Under my rule, leaders tell interest groups and lobbyists, yes, we know your issue is important, but if you want us to address it you need to get on board and push, plead and (of course) donate to make sure this year's thing gets done.

And for lawmakers unhappy with doing the one thing, getting it done is the only shot they have to get to things they want done.

I think this is a path to progress in the state.

I say this now for two reasons.

First, Senate Republican Leader Dominic Pileggi just last week told reporters, "Getting the budget done is going to be more difficult than I think we believed it would be in February."

The budget is due the end of June.

Do you know why doing the only thing they're annually required to do, the thing a Republican governor proposed to a Republican House and a Republican Senate, is now "more difficult"?

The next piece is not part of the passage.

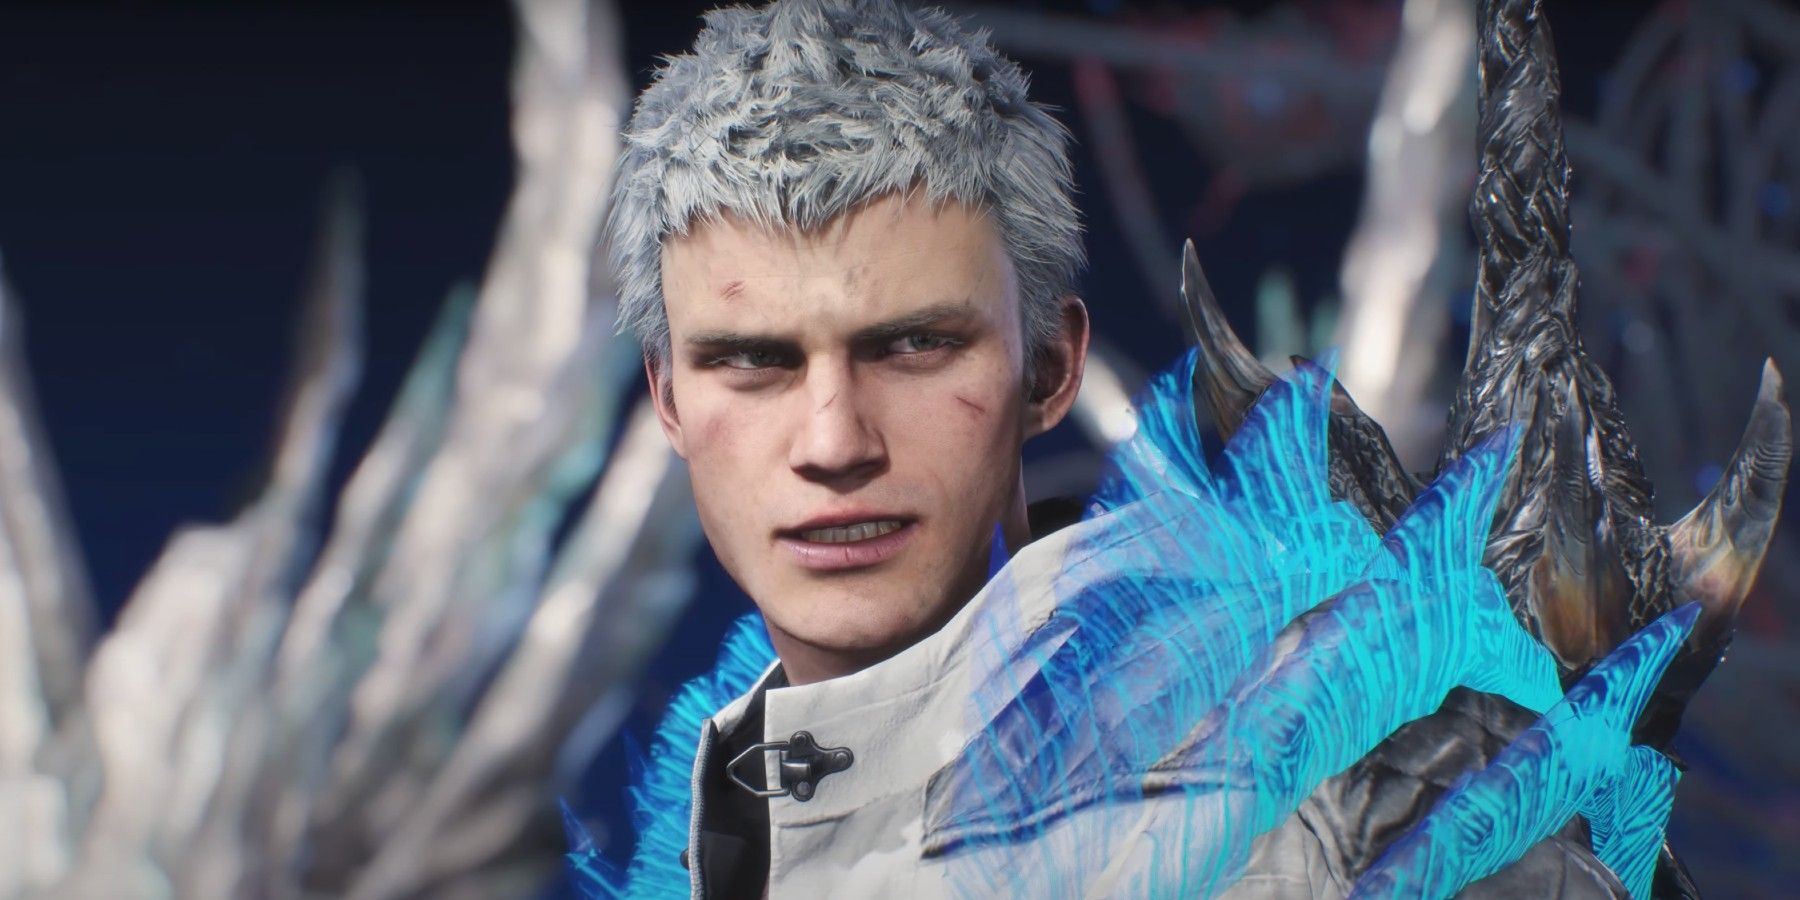 Vergil Devil May Cry in 2023  Devil may cry, Vergil dmc, Crying

It's because they're also trying to get three other things done - the aforementioned trio of bristly issues.

Second, our Legislature is built to bungle.

Think about it. The nation's largest full-time Legislature routinely spits out something like 5,000 bills each two-year session.

These bills are followed by hearings, which are followed by debates, amendments, delays, missed deadlines and breaks.

Both House and Senate, for example, are gone now until June 3.

I assume it's because Memorial Day is coming, and since most of us get one day off, they feel they deserve two weeks off.

Under "The One-Thing Rule," they could have it. And more.

There's no reason to be in the Capitol once they get their one thing done.

And I have an addendum to my rule.

It would provide for a statewide referendum every five years in which voters select the one thing that the Legislature must do within the following two years.

For example, reduce the size of the Legislature, an idea I've long admired and a way to save some of the annual $300 million cost of the Legislature.

Other states, large and small, have cut their lawmakers: Illinois back in 1980; Rhode Island in 2002.

And there's a bill to do so here. There always is. But even House Speaker Sam Smith couldn't move such a bill despite the fact that Governing Magazine, in a 2011 piece on efforts to change legislatures, wrote, "Of all the proposals now on the table, Pennsylvania's may have the most traction."

It didn't. And doesn't. And won't. Until we adopt "The One-Thing Rule." And also give voters an occasional shot at picking that one thing.